TPU Index
TPU Index is a package for fast similarity search over large collections of high dimension vectors on TPUs. This package was built to support our project that we developed for https://tfworld.devpost.com/.
Uses:
- Dealing with a large number of vectors that do not fit on a CPU. TPU v2 has 8x8=64 gbs. TPU v3 has 16x8=128 gbs.
- Speed up similarity searches.

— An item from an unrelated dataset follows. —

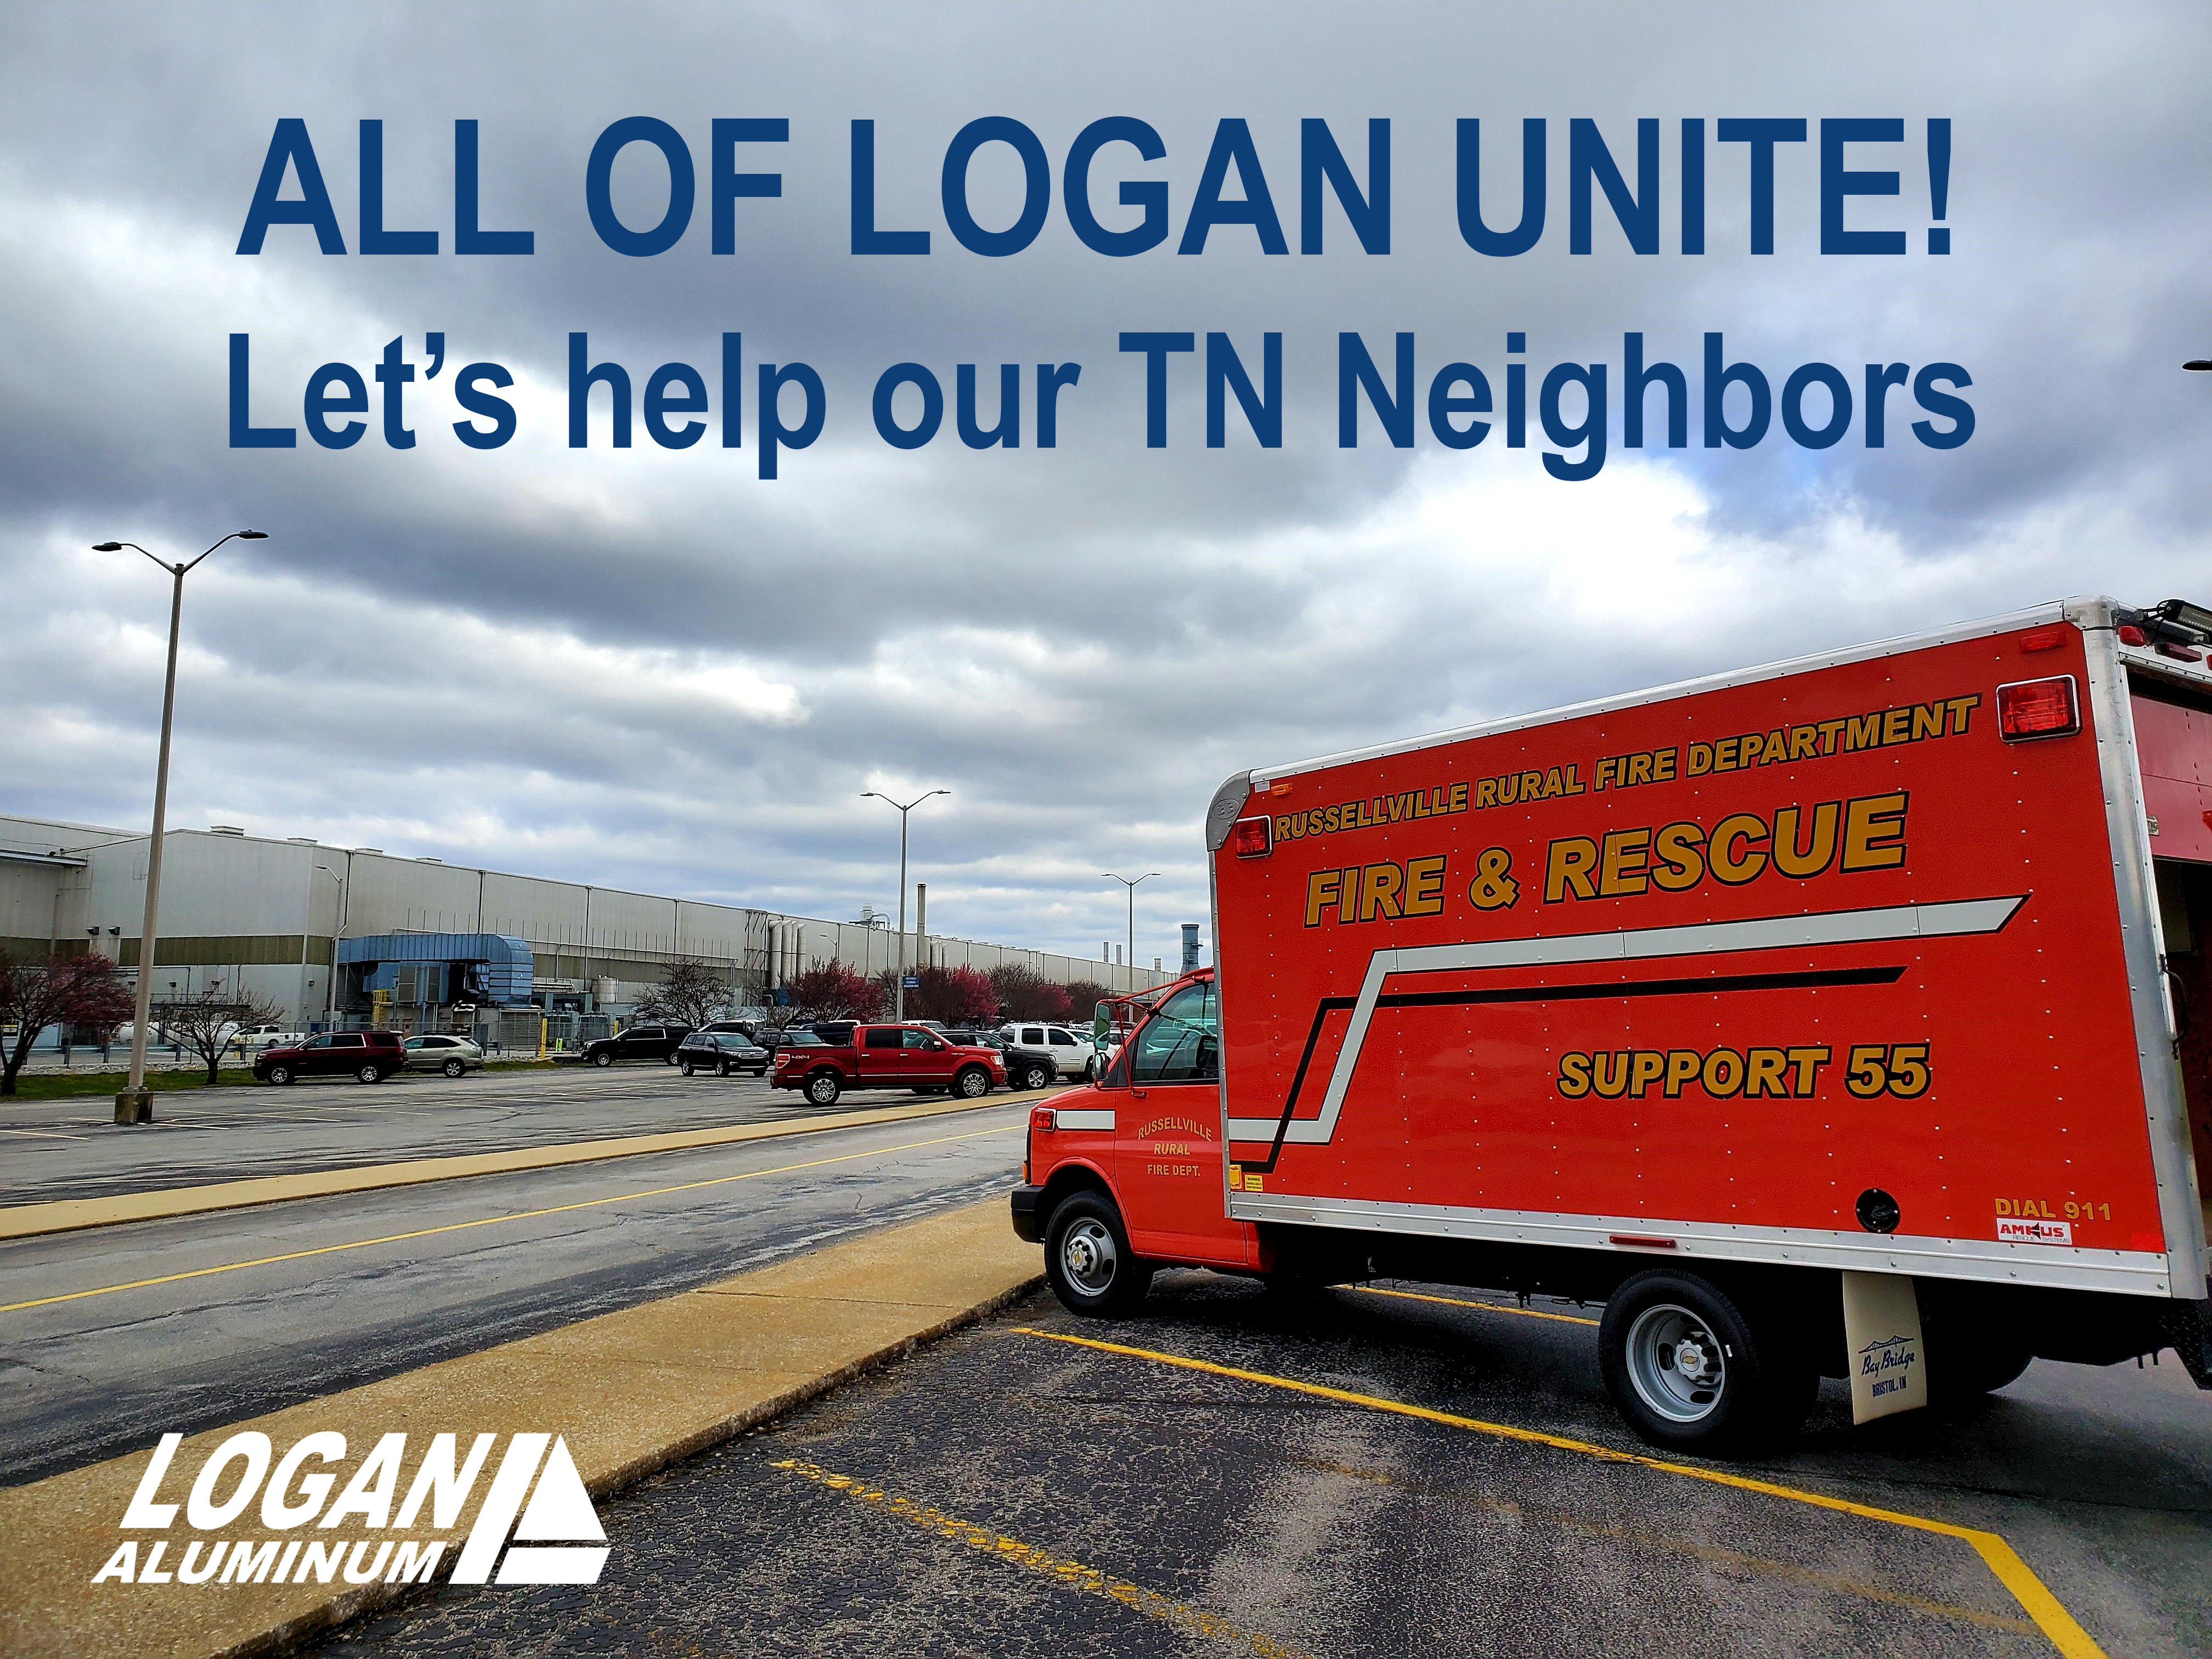 Logan Aluminum collecting donations for Tornado victims

On a colab TPU v2, a single cos similairty search of 19.5 million vectors of dimension 512 takes ~1.017 seconds.
Link to our project: https://devpost.com/software/naturallanguagerecommendations
Installation
!pip install tpu-index
Basic usage
from tpu_index import TPUIndex
index = TPUIndex(num_tpu_cores=8)
index.create_index(vectors) # vectors = numpy array, shape == [None, None]
...
D, I = index.search(xq, distance_metric='cosine', top_k=5)
For large numbers of vectors that do not fit on the CPU, add them in chunks
index.create_index(vectorsChunk1) # vectors = numpy array, shape == [None, None]
for file in files:
vectorChunk = np.load(file)
index.append_index(vectorChunk)
# Now perform search
D, I = index.search(xq, distance_metric='cosine', top_k=5)
ToDo:
- Add more distance metrics
- Optional GPU support